After meeting with US Secretary of State Condoleeza Rice on Wednesday, Saudi Arabian leader Saud al-Faisal announced that his country, unlike Egypt and the U.S., would not cut humanitarian funding to the Palestinian people.
Saud al-Faisal said that the world should not prejudge Hamas, signalling that many countries in the Arab world, along with many European countries and Russia, are still undecided about whether to sever financial aid that has become a lifeline for the Israeli-occupied Palestinian people.

The Saudi announcement comes a day after Egypt’s leader, Hosni Mubarak, announced that his country would withhold aid to the new Palestinian government until the now-majority Hamas party agreed to certain pre-conditions set by the US.  Mubarak’s announcement was made after a meeting with Condoleeza Rice, the US Secretary of State, during which Rice pressured Mubarak to agree with the US position.

Rice is currently on a five-day tour to various Arab countries to pressure them not to aid the new Palestinian government, after Palestinians elected a legislative majority from the Hamas party in January elections.  The U.S. considers Hamas to be a terrorist organization, and does not differentiate between the party’s political and military wings.

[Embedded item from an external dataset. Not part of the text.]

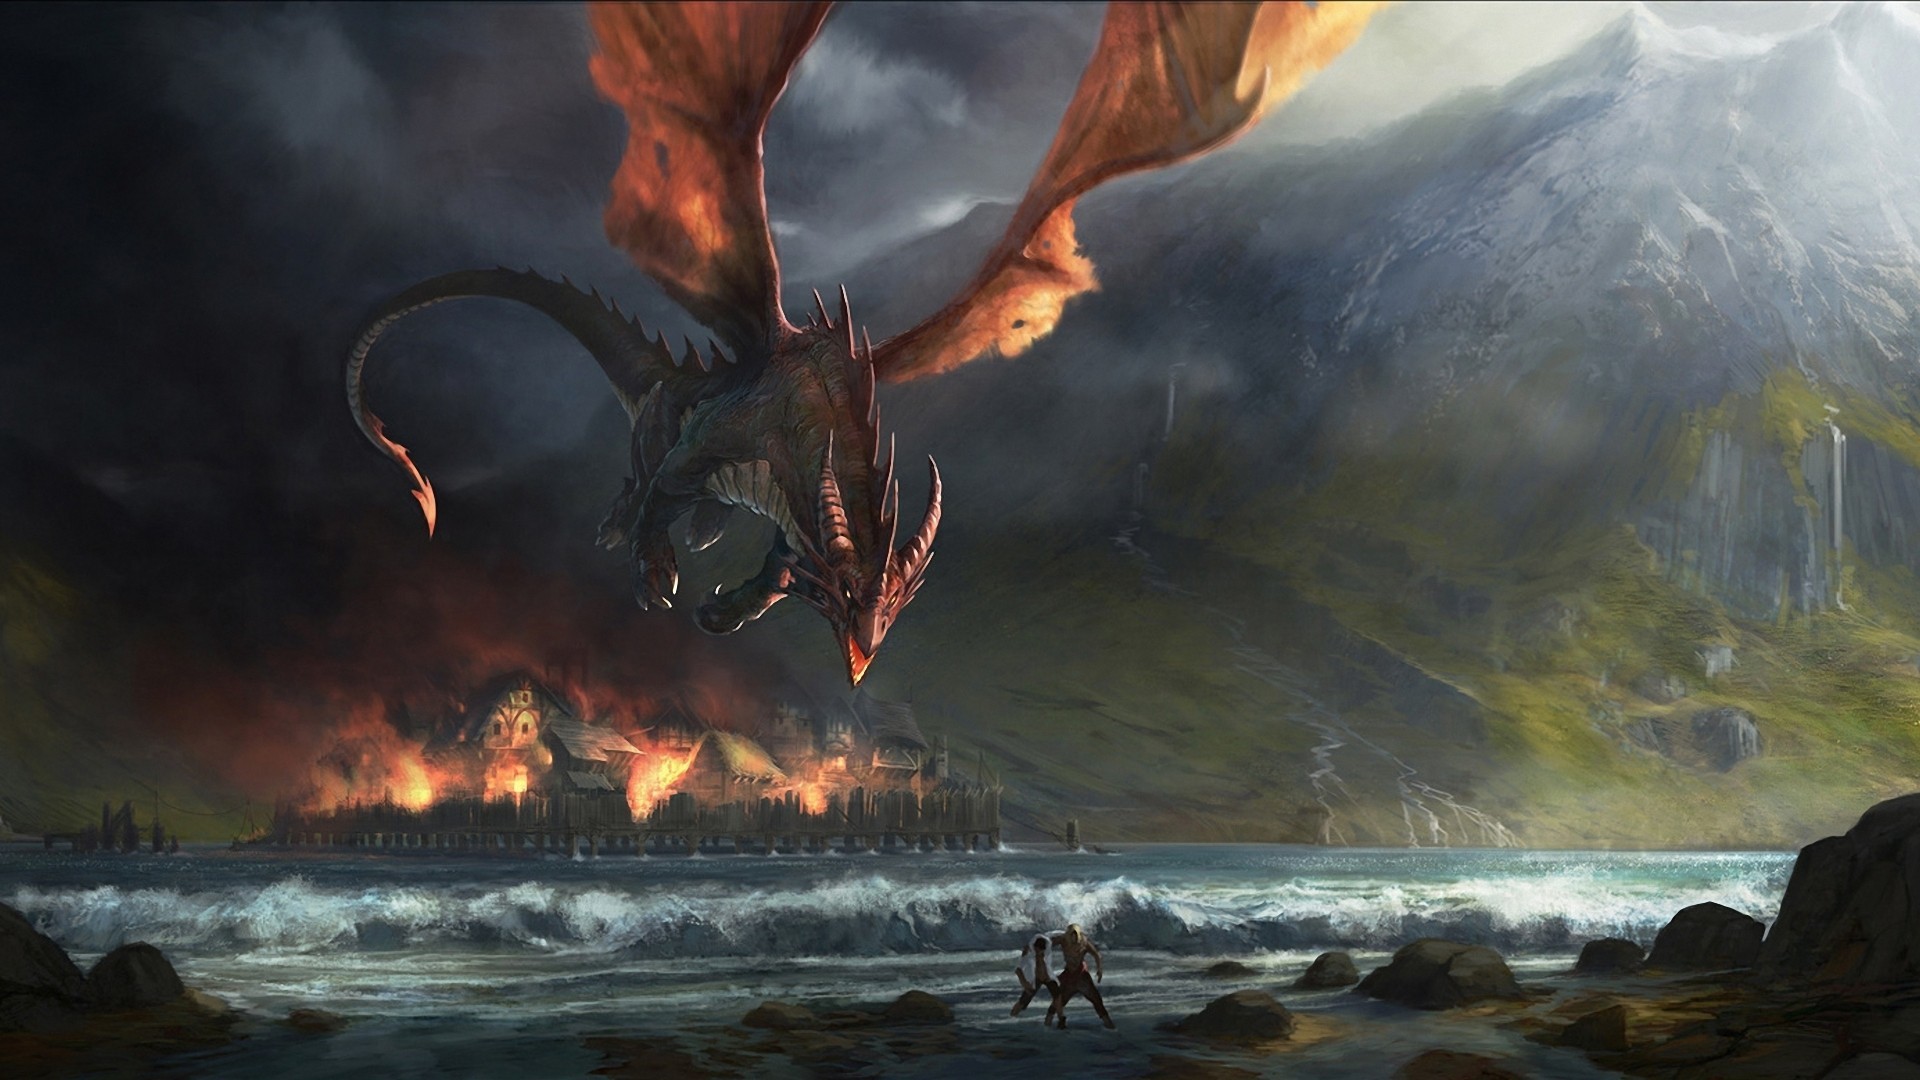 The Hobbit J R R Tolkien Fantasy Art Dragon Smaug The Lord Of The Rings Digital Art Sea The Hobbit T 1920x1080

The US Secretary of State’s trip takes her to the United Arab Emirates (UAE) on Thursday, where her pressure tactics regarding Palestinian aid may be overshadowed by an emerging scandal involving secret dealings between the UAE leadership and the White House regarding international shipping and the attempted purchase of US ports by the UAE.

In Saud’s statement Wednesday night, he criticized the US for cutting off funding to the Palestinian people, aid which would have equalled $400 million for the year.  Stopping aid for a sewer system infrastructure, which is the sort of project the US wants to be starved of funding, is effectively denying Palestinians humanitarian aid, he added.  Hamas leaders have called such denial of aid a type of ‘blackmail’ against the Palestinian people for exercising their democratic right to vote for whomever they choose.

The Saudis plan to continue sending approximately $15 million a month to the Palestinian government.

While Arab leaders appear hesitant to pre-judge the Hamas government, the main ally to the US in the region, Israel, has been very quick to engage in a policy of ‘punitive measures’ against the Palestinians, whose land they have been militarily occupying since 1967.  At least 35 Palestinians have been killed by Israeli forces since the January elections, including at least 5 children.  ‘Punitive measures’ also included freezing Palestinian tax money, over which Israeli authorities have complete control, and closing the Palestinian borders completely, imprisoning Palestinians into the two separate prisons of the Gaza Strip and the West Bank, with no way to cross between them.